PHOTO ARCHIVES PRESS

movie scene Once Upon a Time in the East (1974), by André Brassard

Back then, no one talked about their sexual orientation in public. The gesture of the two artists seems heroic in the eyes of the pioneers of the LGBTQ + cause. However, his attraction for (too) young men will catch up with Brassard eight years later. In 1975, police searched his home and seized photos of naked boys and young men aged 14 to 20 who were part of a prostitution ring. Brassard was sentenced for gross indecency to 90 days in prison spread over several weekends.

A devastating stroke

In 1999, Brassard suffered a stroke that will nail him to his chair. He retains his whole head, but his physical faculties are greatly diminished. At only 53 years old, he will never be the same man again. “It’s annoying, I have trouble reading, thinking,” he confided to his biographer, Guillaume Corbeil. I think it’s expensive to pay for my youthful follies. I feel like a dead man on borrowed time.

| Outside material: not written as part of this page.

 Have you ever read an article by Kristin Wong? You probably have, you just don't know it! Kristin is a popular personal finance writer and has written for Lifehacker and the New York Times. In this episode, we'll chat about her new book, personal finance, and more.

If you have to stop living to continue living, it’s not worth it. »

A year after her stroke, she was awarded the Denise-Pelletier prize in recognition of her exceptional contribution to performing arts and Quebec theatre. On receiving his prize from the Government of Quebec, André Brassard, frail in his chair, his voice weak, quavering, quoted Albert Camus: “The only power we have is to prevent, to slow down the destruction of the world. »

In 2004, the director received another tribute prize at the Masques evening. The same year, he confides in Wajdi Mouawad in a book of interviews, I am the bad guy! For Brassard, “the theater remains the only place where humans face other humans with the hope that something could happen,” he told the current director of the Théâtre de la Colline in Paris, who was once his student at the National Theater School.

In his own way, André Brassard was also a godsend to our suffering humanity.